Scientists have developed antibiotic-resistant strains of anthrax in order to determine how to overcome such forms of the disease, said Gigi Kwik Gronvall, senior associate at the University of Pittsburgh ’s Center for Biosecurity. The likelihood of terrorists or enemy states producing such a weapon is known only to would-be developers themselves, she said.
The limitations of vaccines and antibiotics in treating anthrax infection highlight the need for additional methods of care, Gronvall said. Patients treated only with antibiotics following onset of advanced sickness are unlikely to survive, while the existing U.S. stockpile of licensed anthrax vaccine for civilians is sufficient to treat only 530 people, according to a November 2005 paper she wrote with center senior associate Luciana Borio.
Rather than seeking to eliminate anthrax bacteria inside the body, as with antibiotics, the U.S. and Canadian researchers since 2002 have sought ways to prevent human cells from becoming infected and spreading the disease throughout the body.
Their inhibitor attaches at multiple points to a receptor — a protein found on most cells — used by the anthrax toxin to enter cells. It then acts as a barrier between the cell and the bacteria. Using more than one point of attachment also increases the level of protection, scientists said.
“The only way to circumvent such an inhibitor would be to engineer the toxin to enter human cells through a different receptor,” Mogridge said.
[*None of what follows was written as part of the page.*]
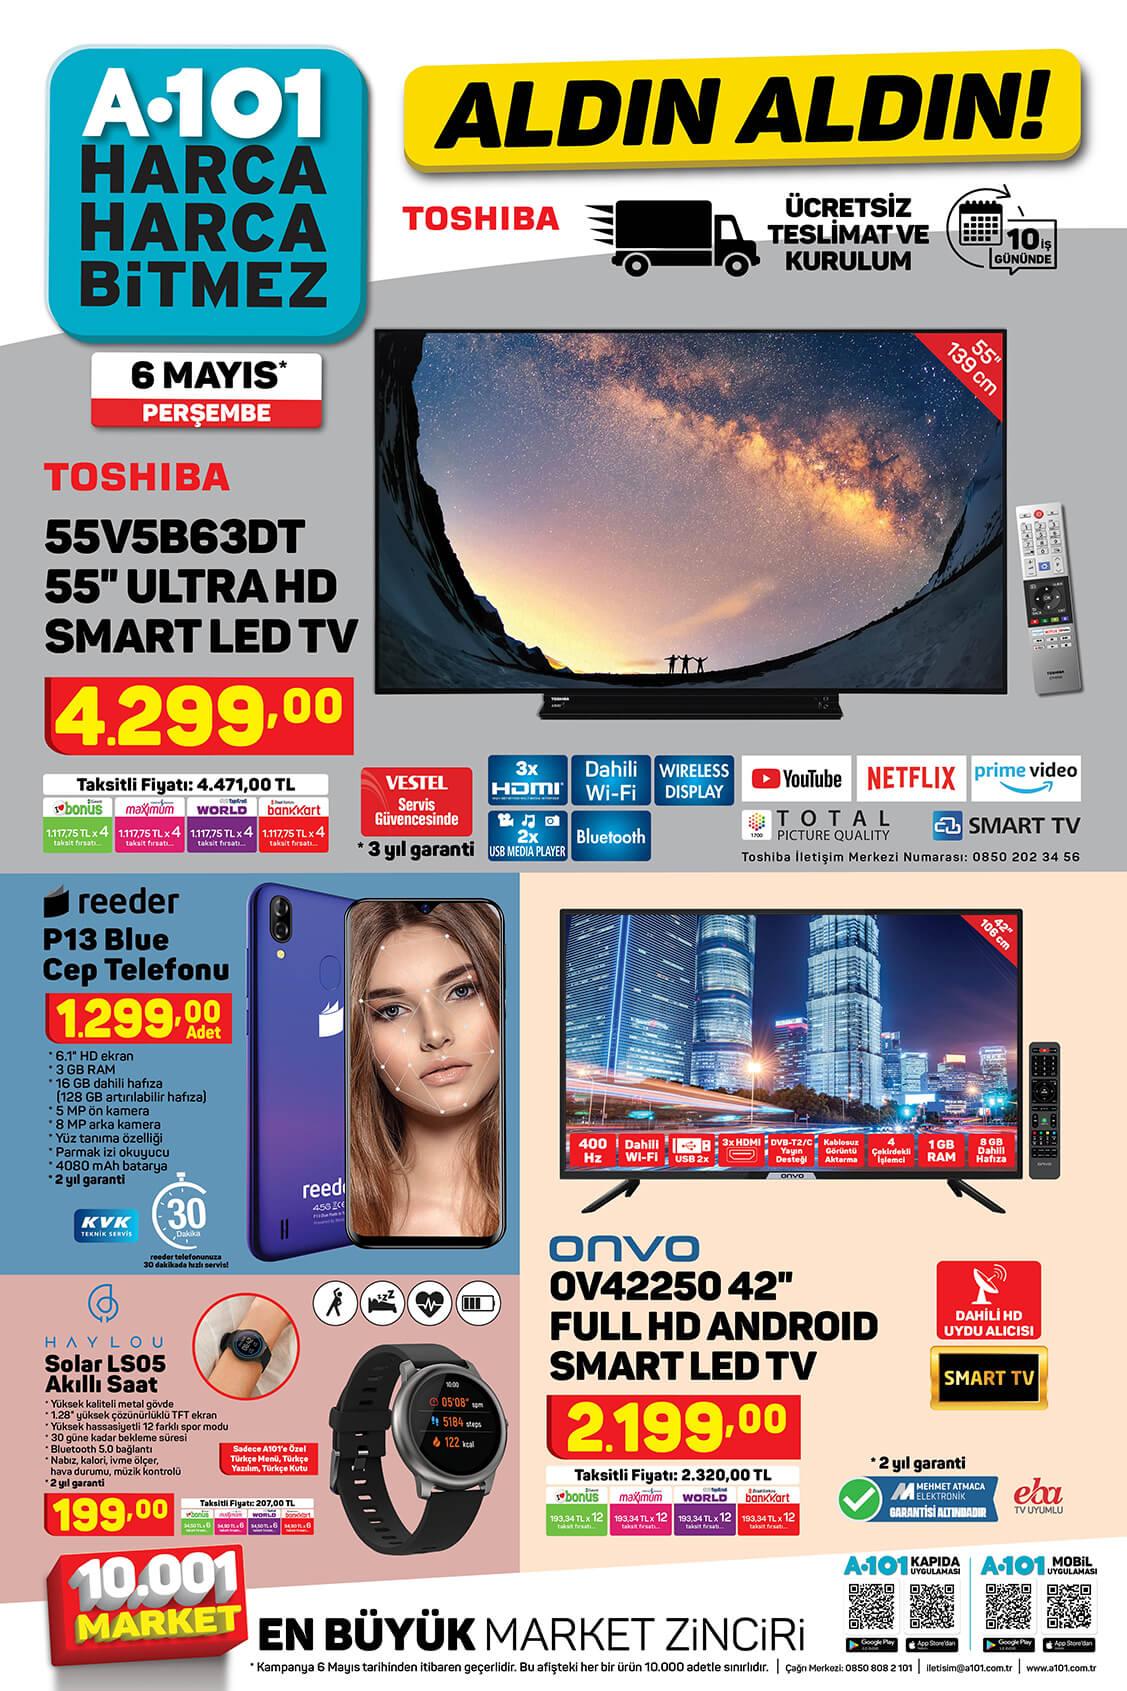 عروض ماركت يوزبير A101 على شاشات بلازما وجوالات
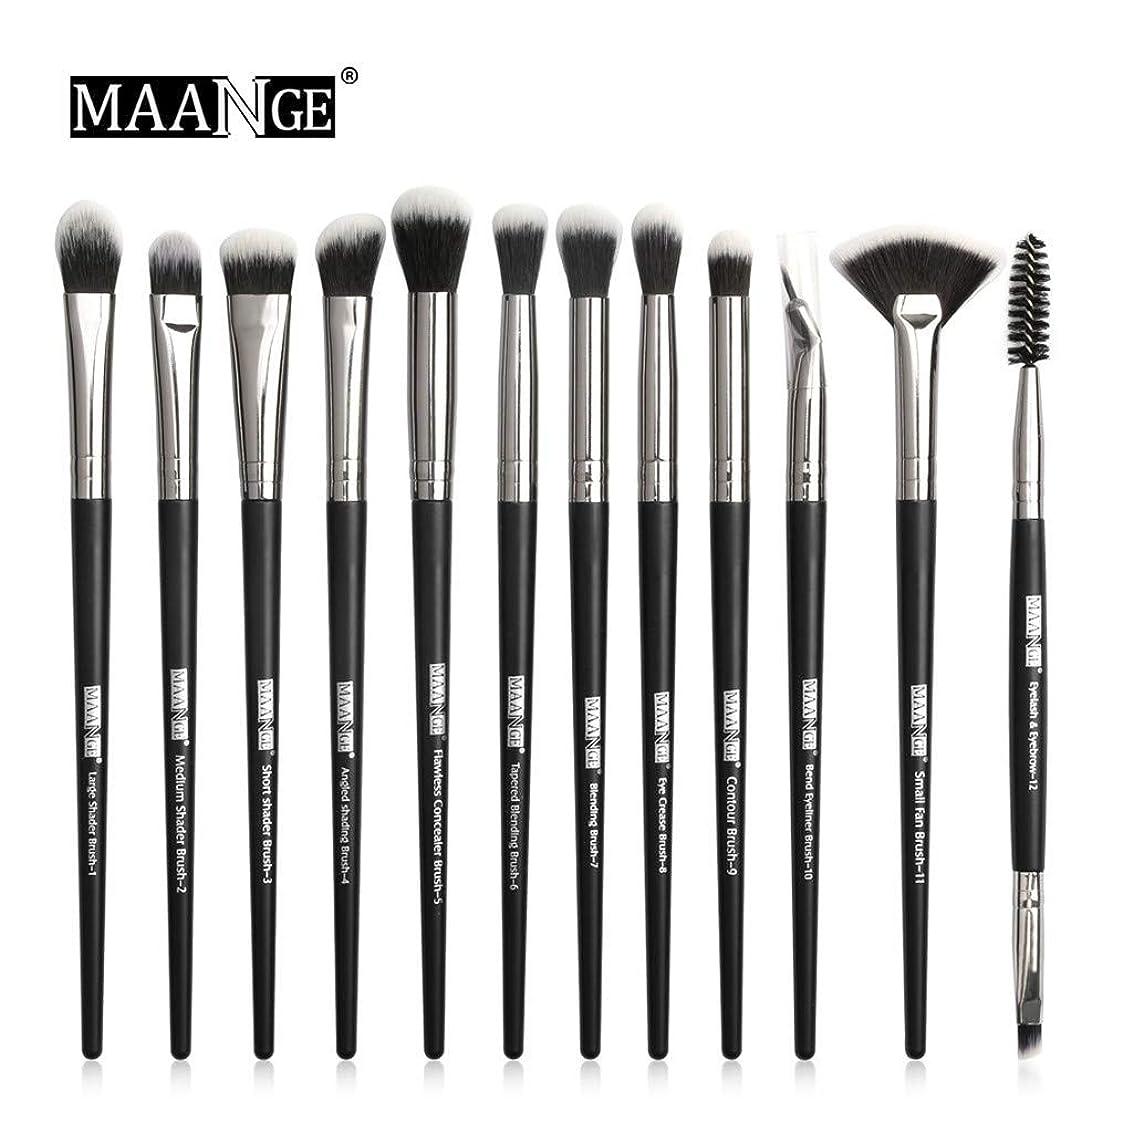 悪の以上絡み合いAkane 12本 MAANGE 気質的 高級 上等 綺麗 柔らかい 多機能 美感 アイメイク 魅力的 おしゃれ たっぷり 激安 セット 日常 仕事 Makeup Brush メイクアップブラシ

That would be considerably more difficult than altering anthrax against antibiotics, he said.
Researchers developed four inhibitors, and then injected rats with the version that proved most potent in cell cultures. That inhibitor protected all six rats exposed to anthrax. Five of six rats that received no protection died in testing, as did another six treated with an inhibitor that attached only at one point to the cell receptor.
Further development and animal testing is required on the inhibitor, a process that could take several years, according to Mogridge and fellow project lead researcher Ravi Kane of Rennselaer Polytechnic. The inhibitor must be shown to be effective at treating anthrax infection without causing side effects.
The drug could ultimately be used in conjunction with other countermeasures to provide greater protection from inhalational anthrax, which has a 75 percent fatality rate even with use of antibiotics, according to a press release from Rensselaer Polytechnic.
The inhibitor could save lives even if the bacteria are not resistant to antibiotics, or when treatment begins some time after infection, Baker said. Additional countermeasures could also help reduce the risk posed by nonadherence to the full antibiotic regime, which can last for up to 60 days, Gronvall said.
Inhibitors could potentially be developed for other viral diseases, such as influenza, AIDS and SARS, researchers said.
“We don’t have anything like it so this is really a unique and very important finding,” Baker said.